* _Exercise aim_:
Your task is to restate the listing word for word without the pictures.

* _Material provided_:
┌──
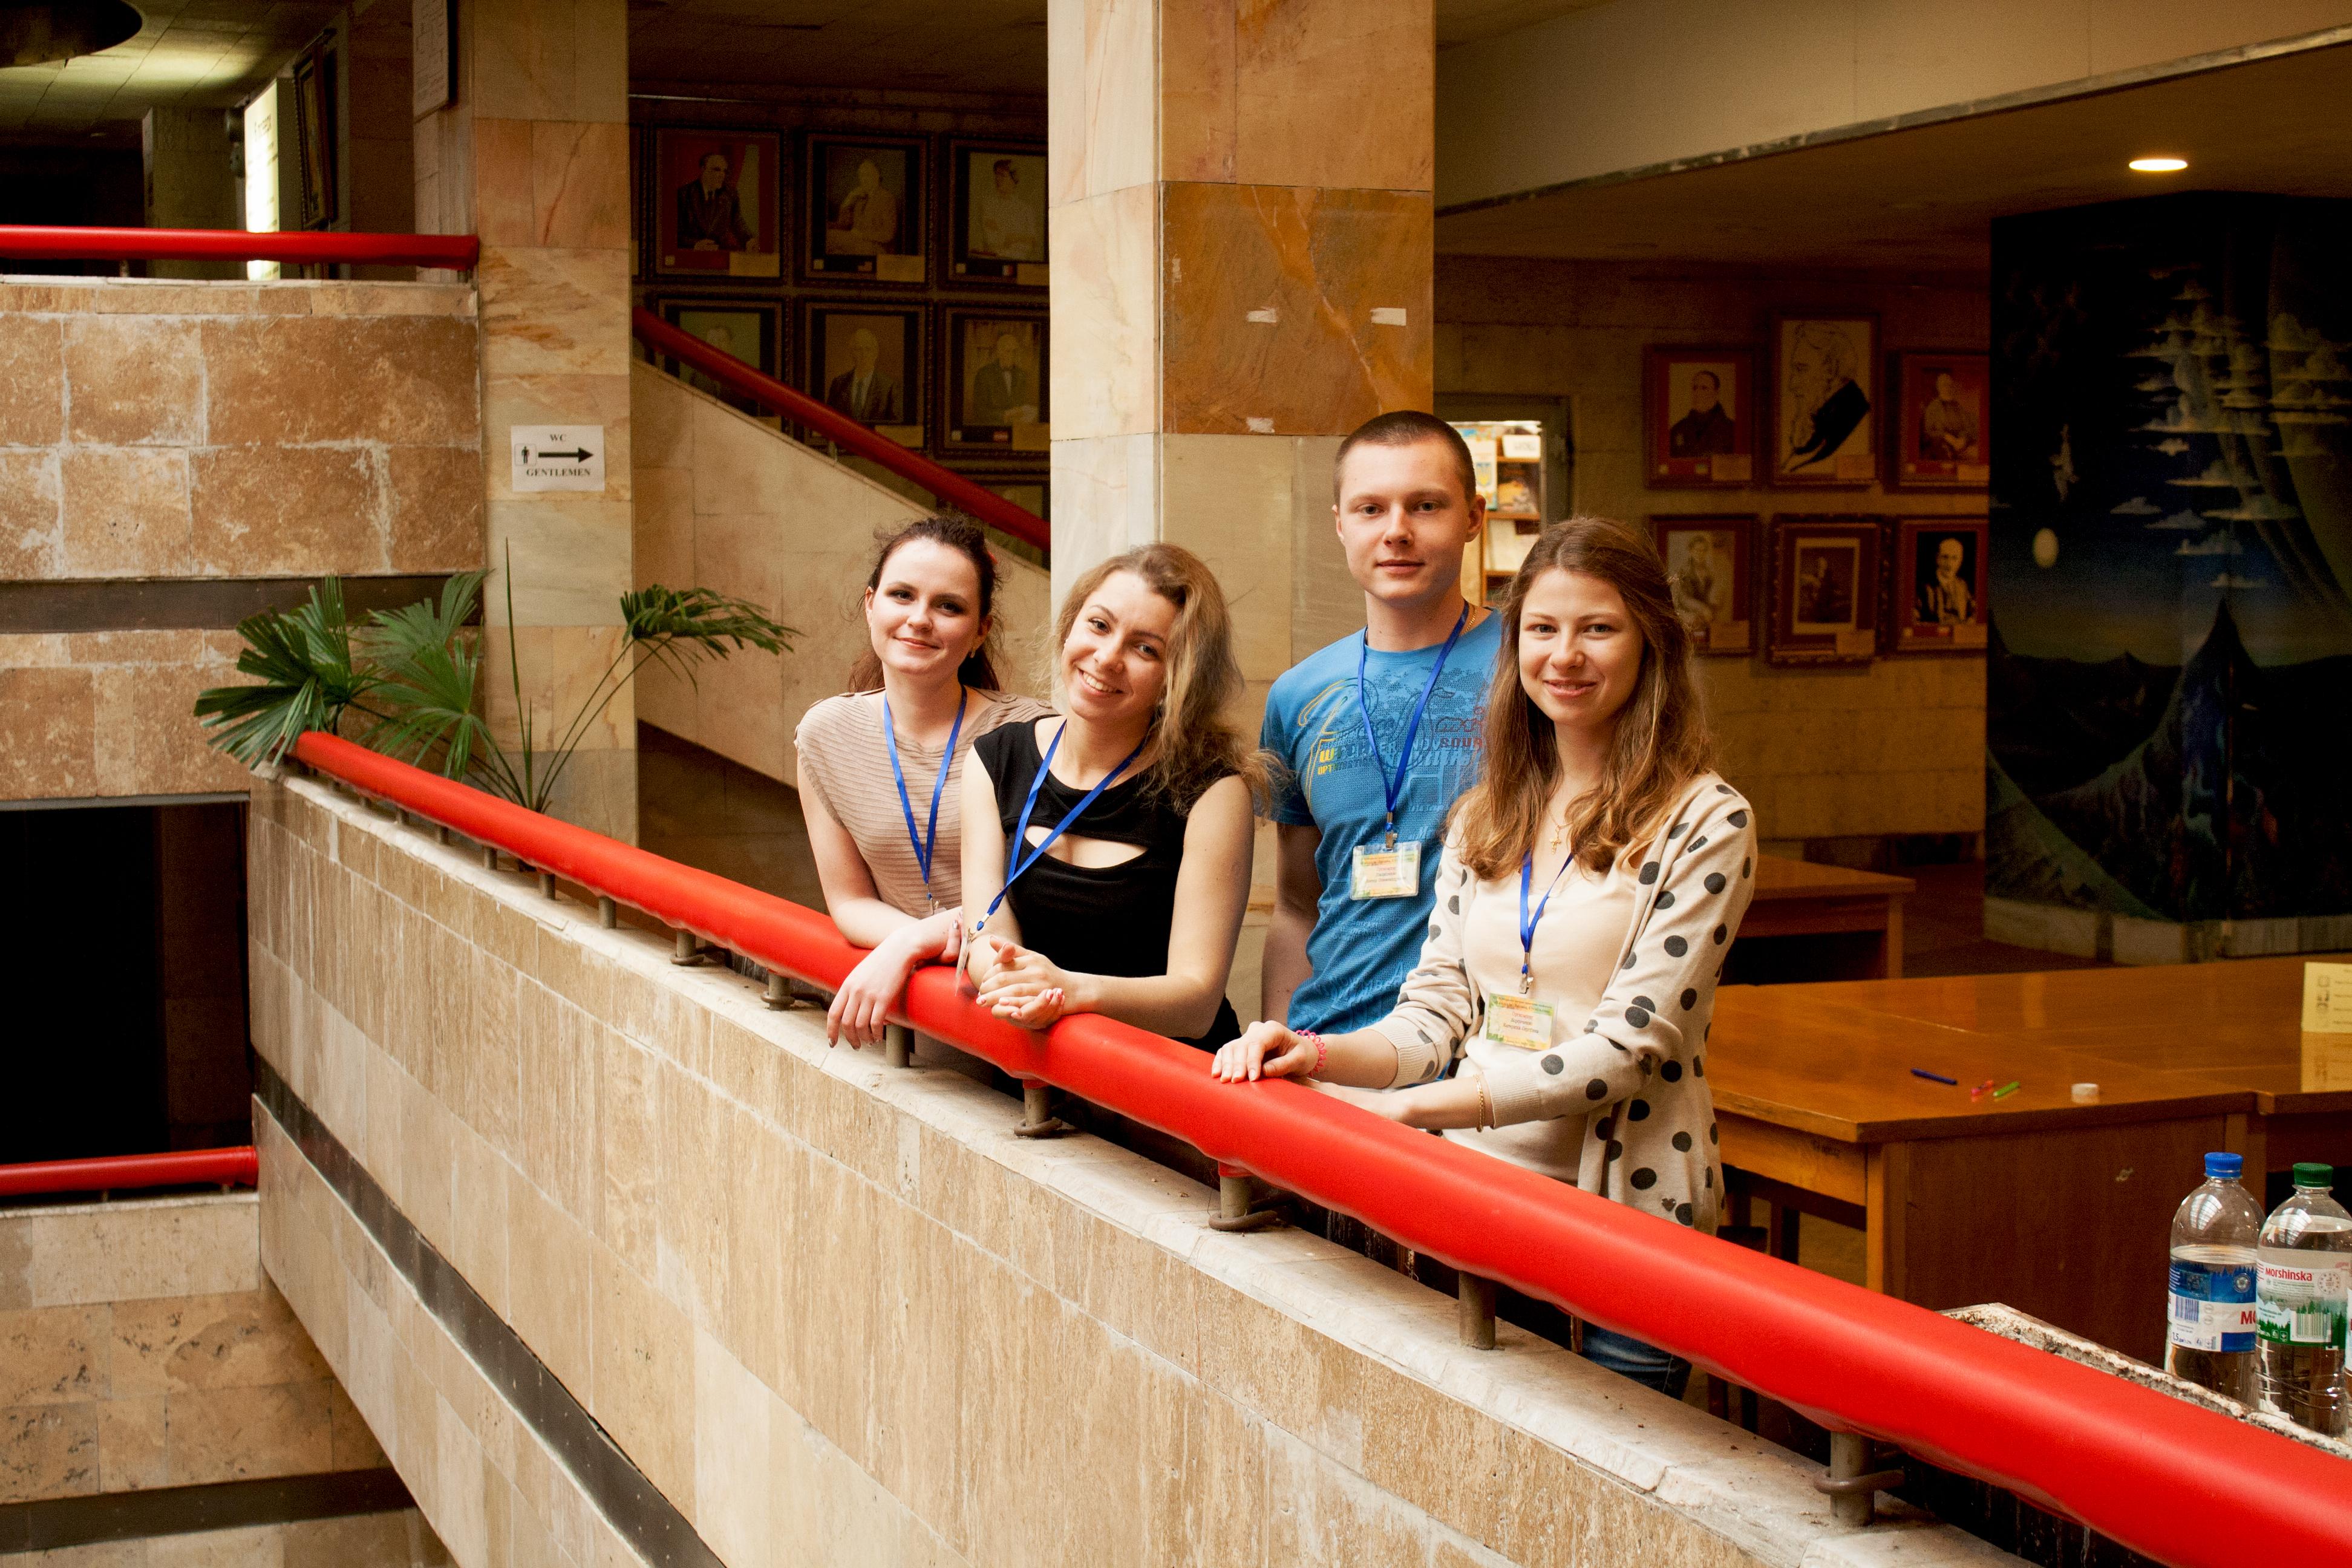 Бакалаври Факультету біотехнології і біотехніки та Інженерно-хімічного факультету Київського політехнічного університету
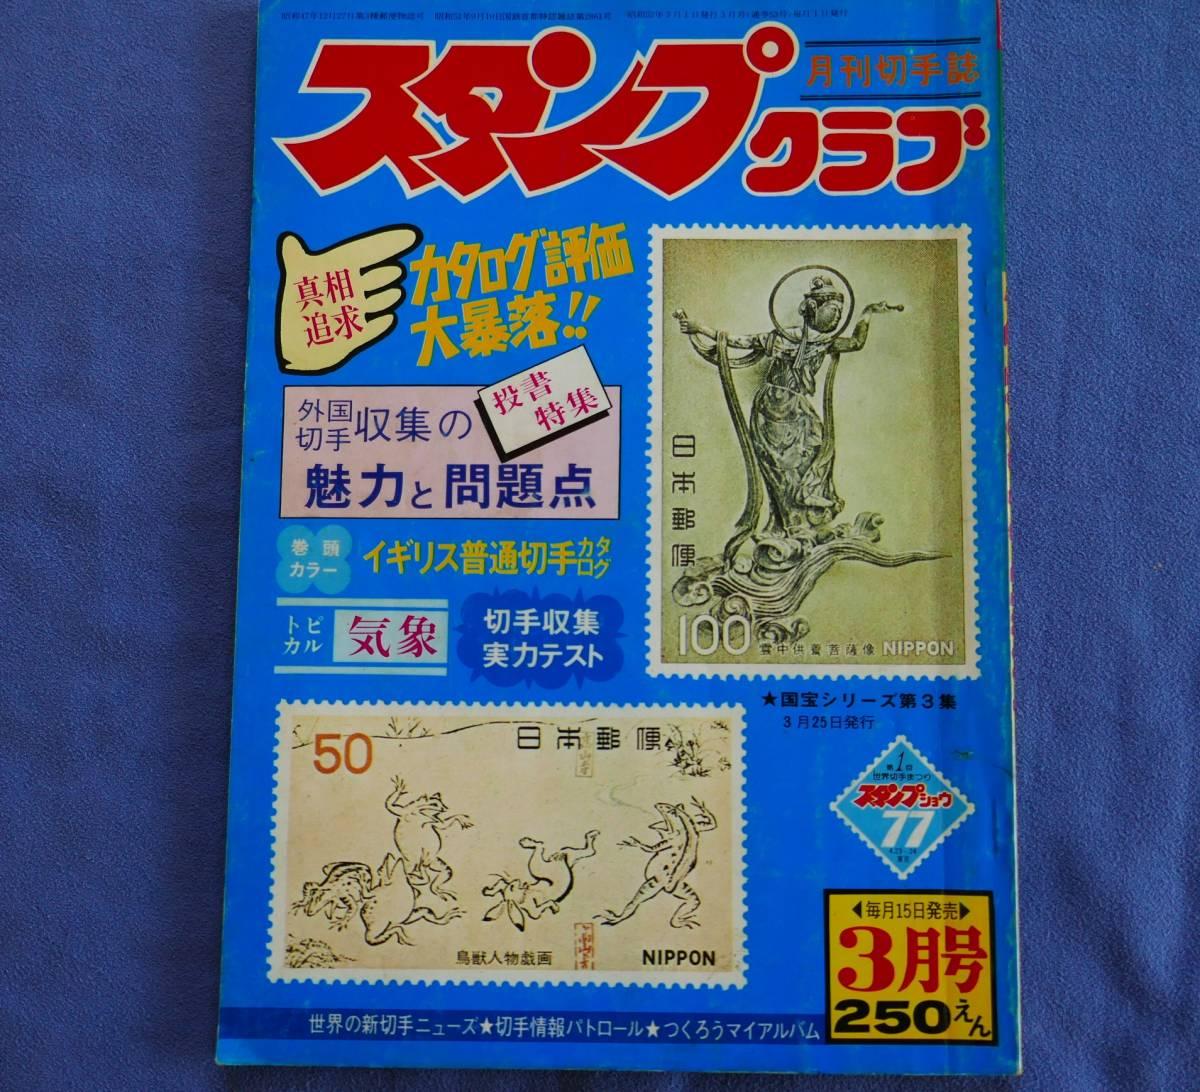 1977年3月号★スタンプクラブ★投書特集 外国切手収集の魅力と問題点★年代物_画像1
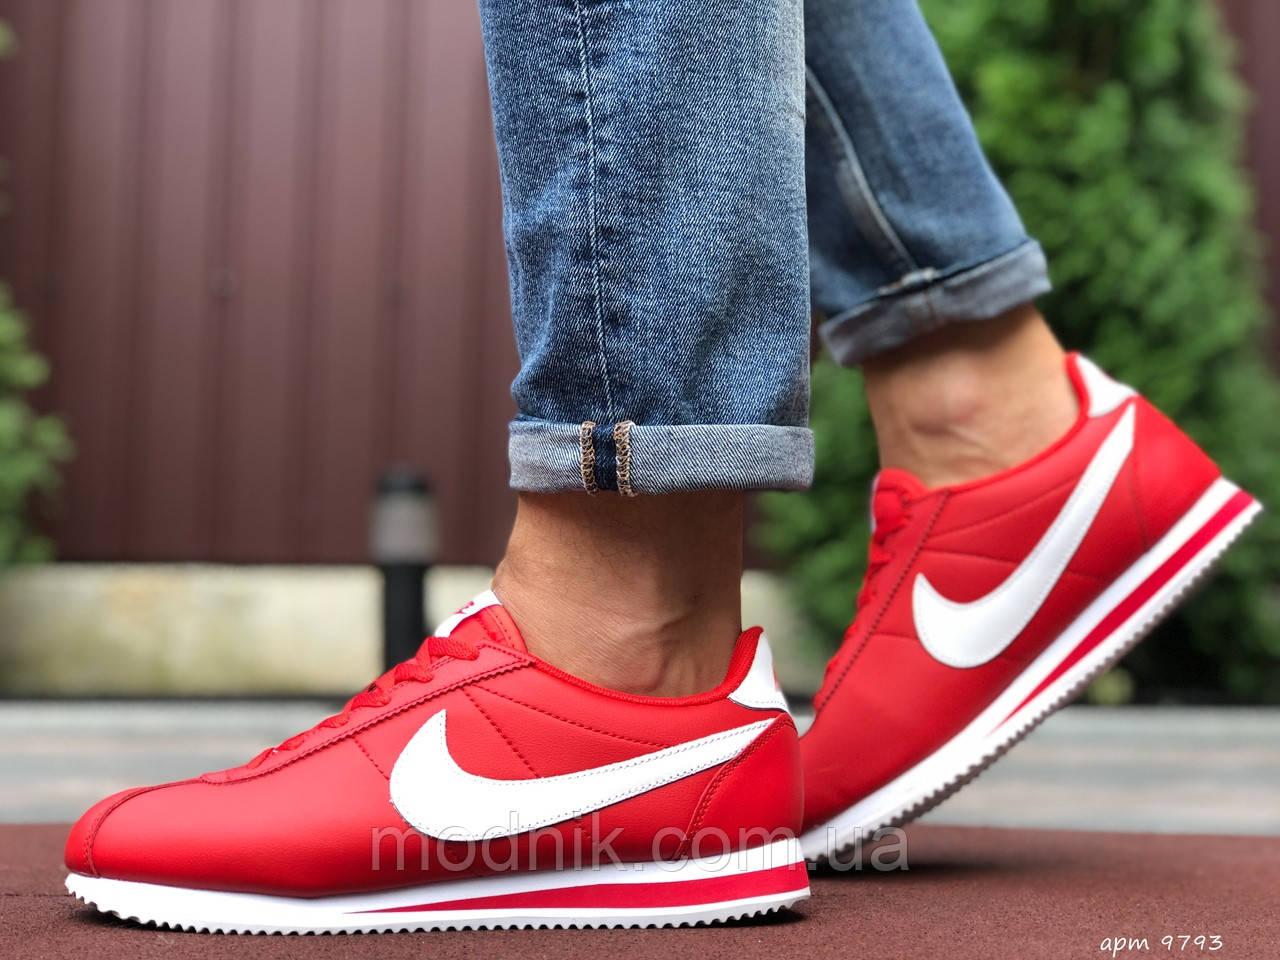 Мужские кроссовки Nike Cortez (красно-белые) 9793
└──
* _Answer to the exercise_:
 Бакалаври Факультету біотехнології і біотехніки та Інженерно-хімічного факультету Київського політехнічного університету
 1977年3月号★スタンプクラブ★投書特集 外国切手収集の魅力と問題点★年代物_画像1
 Мужские кроссовки Nike Cortez (красно-белые) 9793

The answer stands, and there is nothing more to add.